* Your objective *
All of the listing is to be written out word for word, with the pictures left out.

* Dataset content *

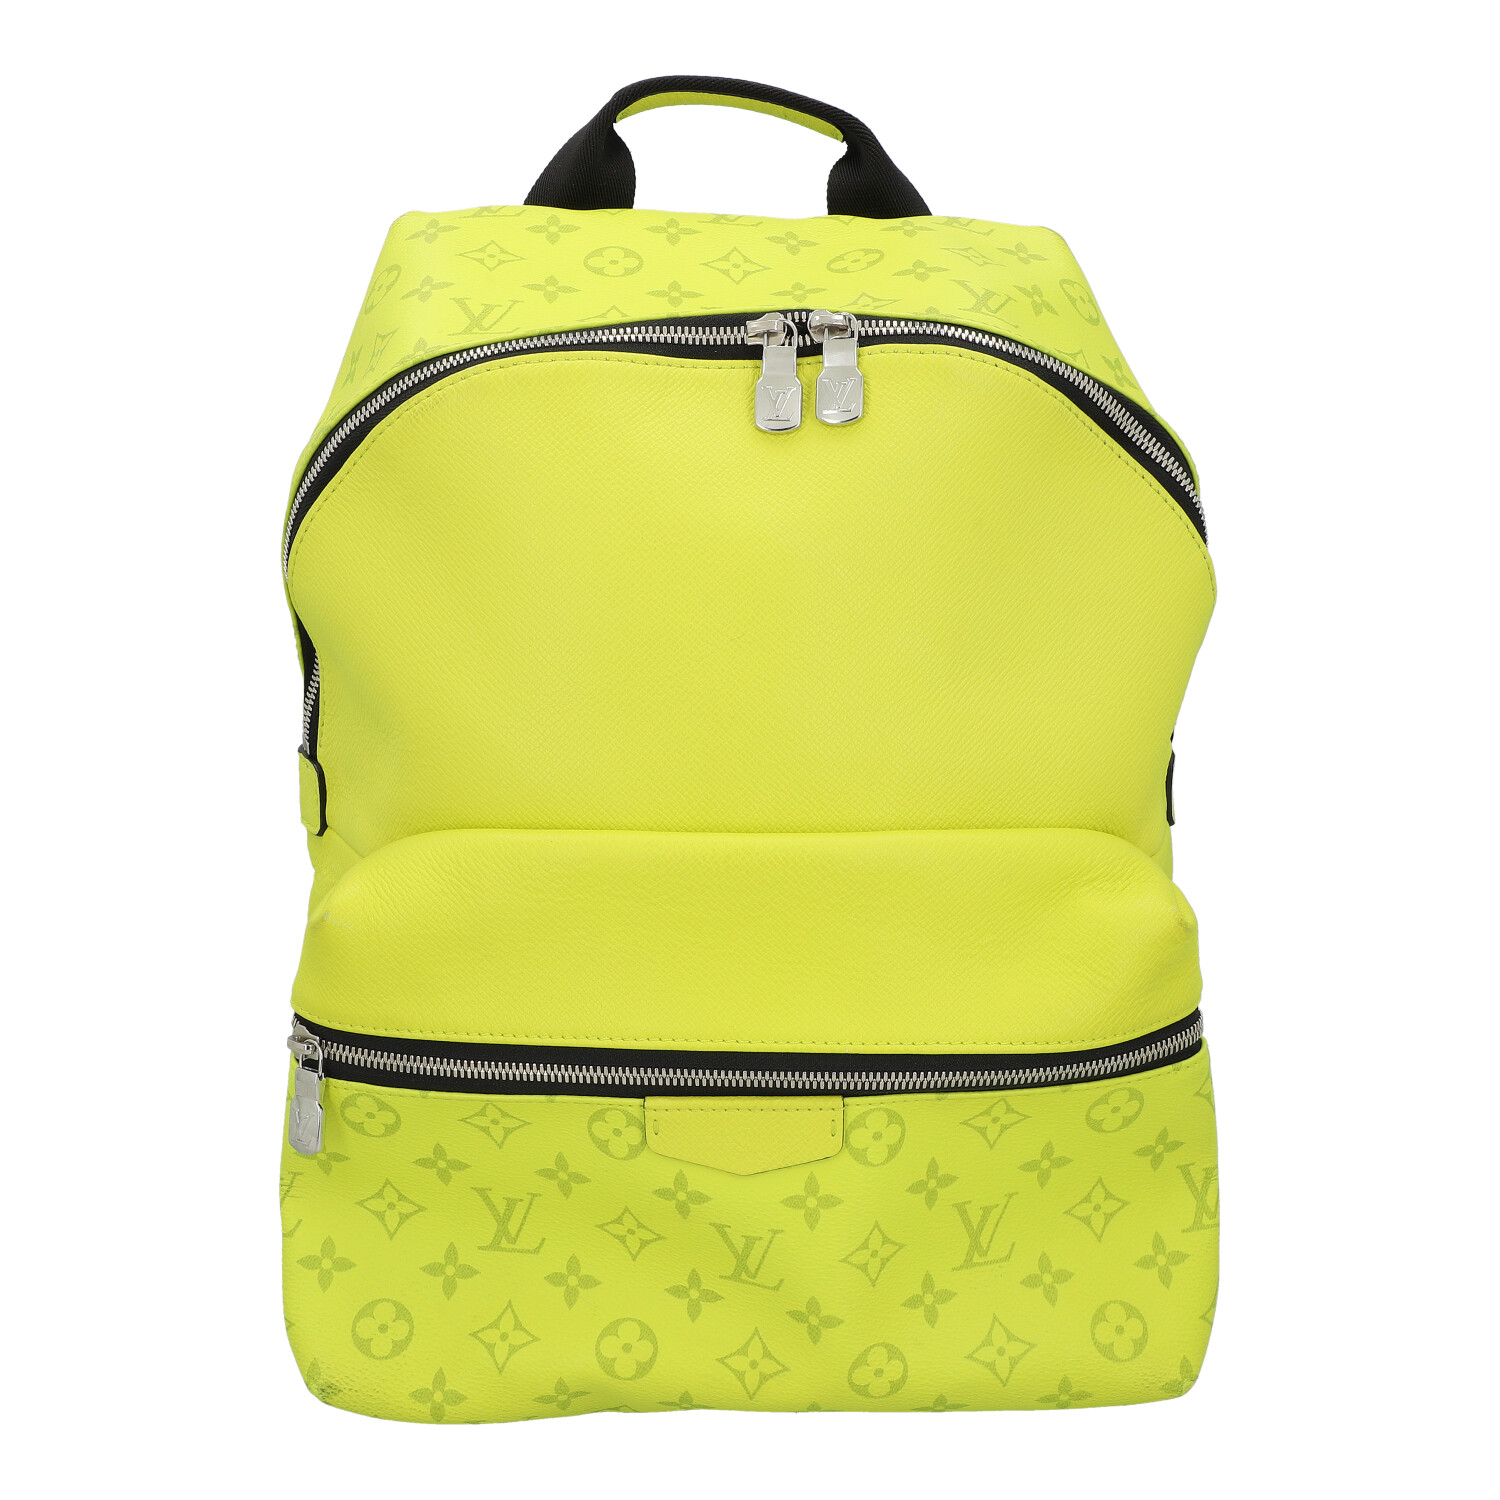 EPPLI | LOUIS VUITTON Backpack 'DISCOVERY'. | purchase online
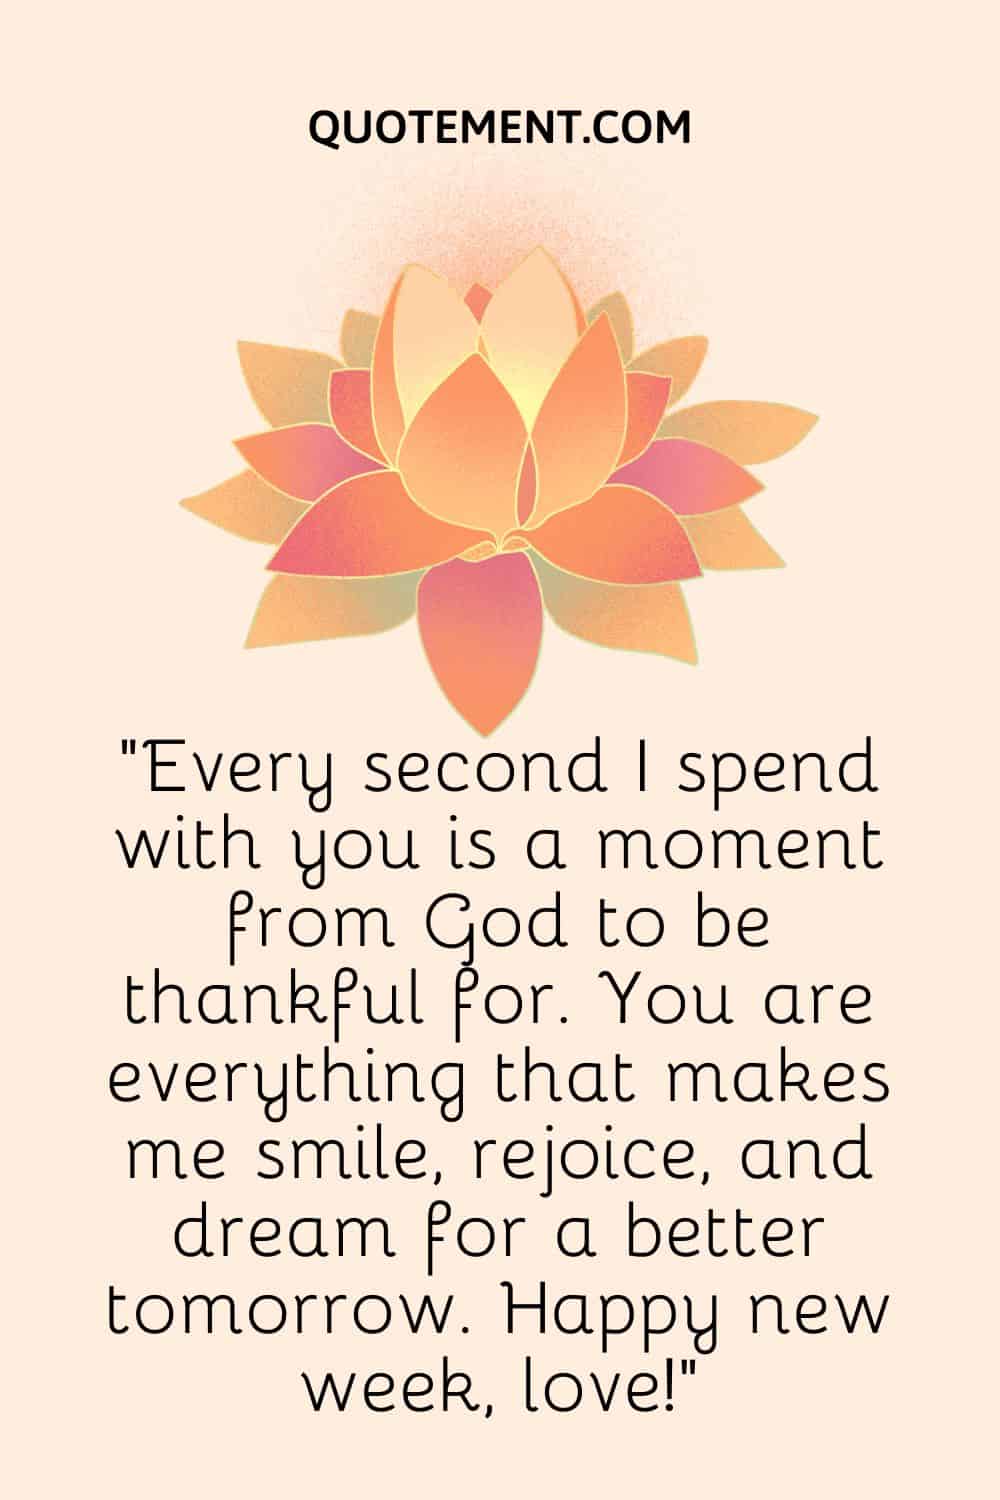 Every second I spend with you is a moment from God to be thankful for
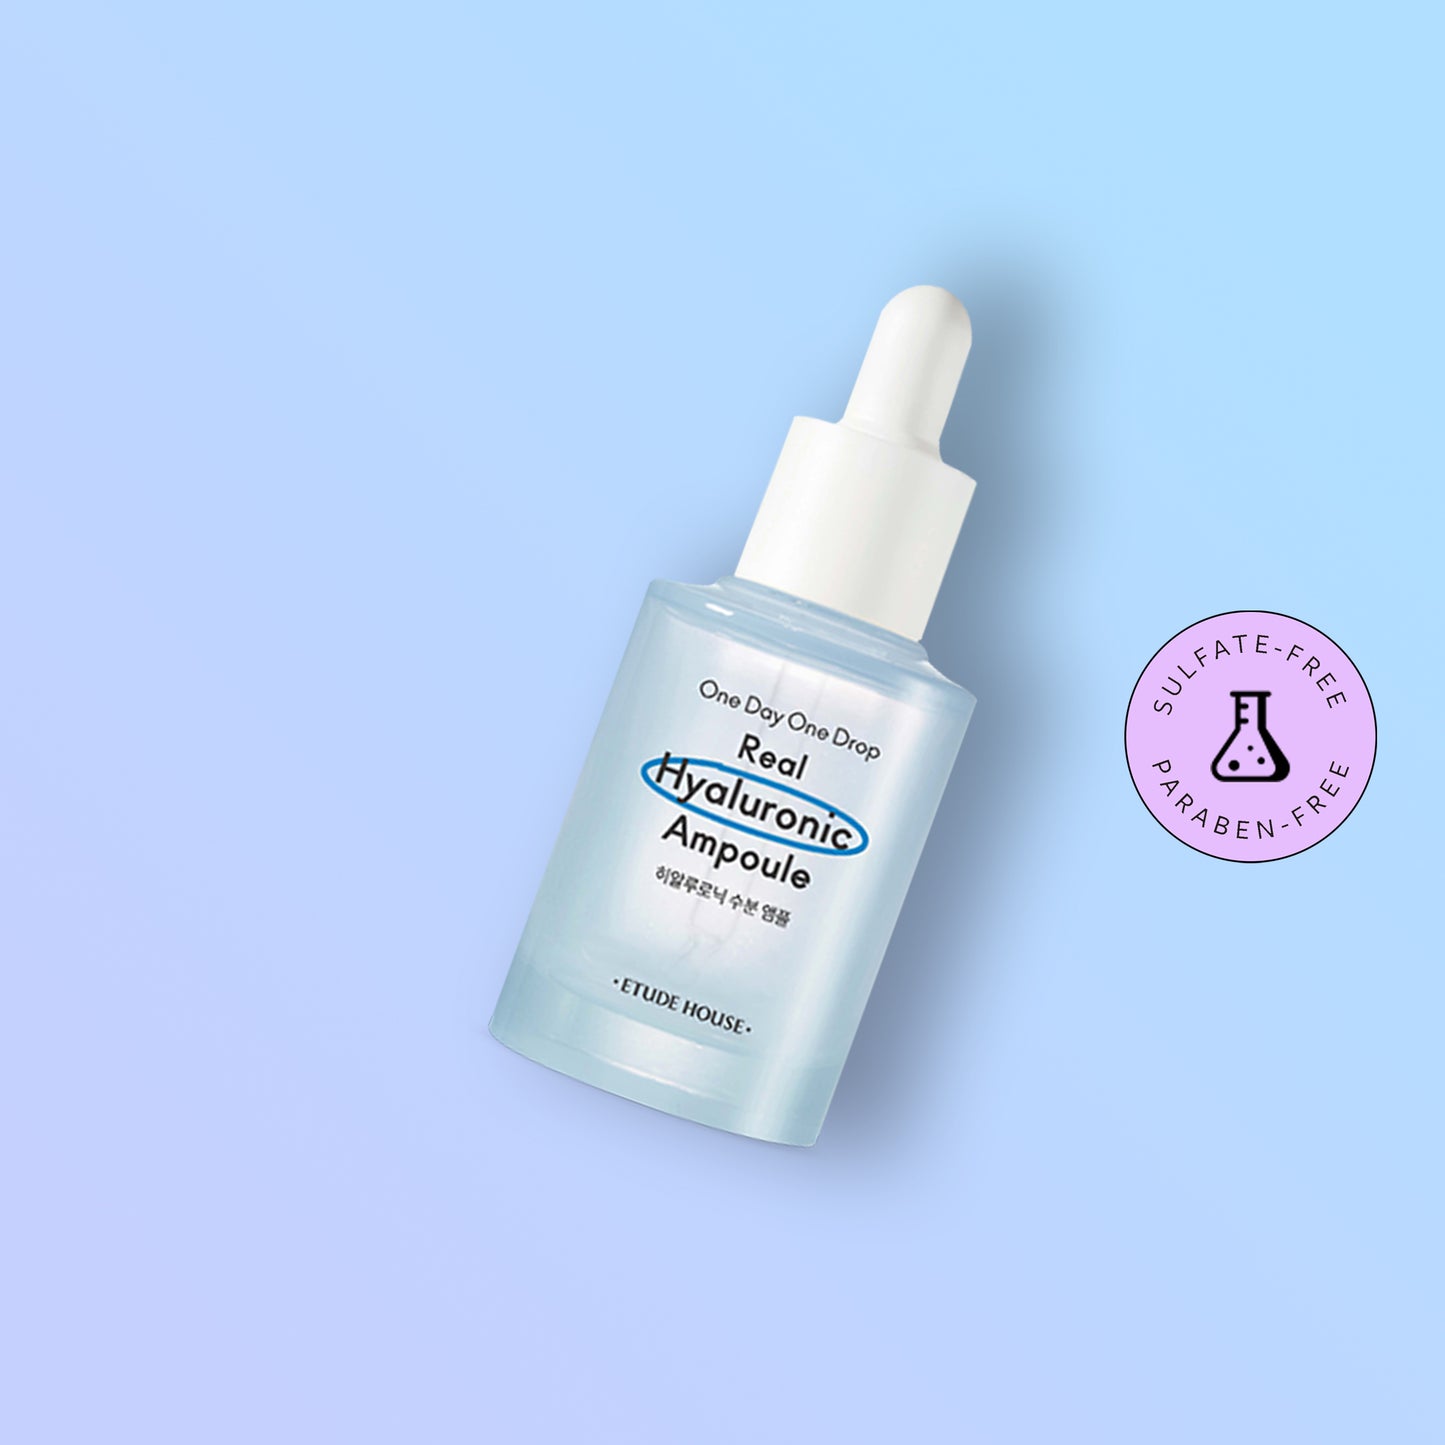 ONE DAY ONE DROP REAL HYALURONIC AMPOULE

* Task result *
 EPPLI | LOUIS VUITTON Backpack 'DISCOVERY'. | purchase online
 Every second I spend with you is a moment from God to be thankful for
 ONE DAY ONE DROP REAL HYALURONIC AMPOULE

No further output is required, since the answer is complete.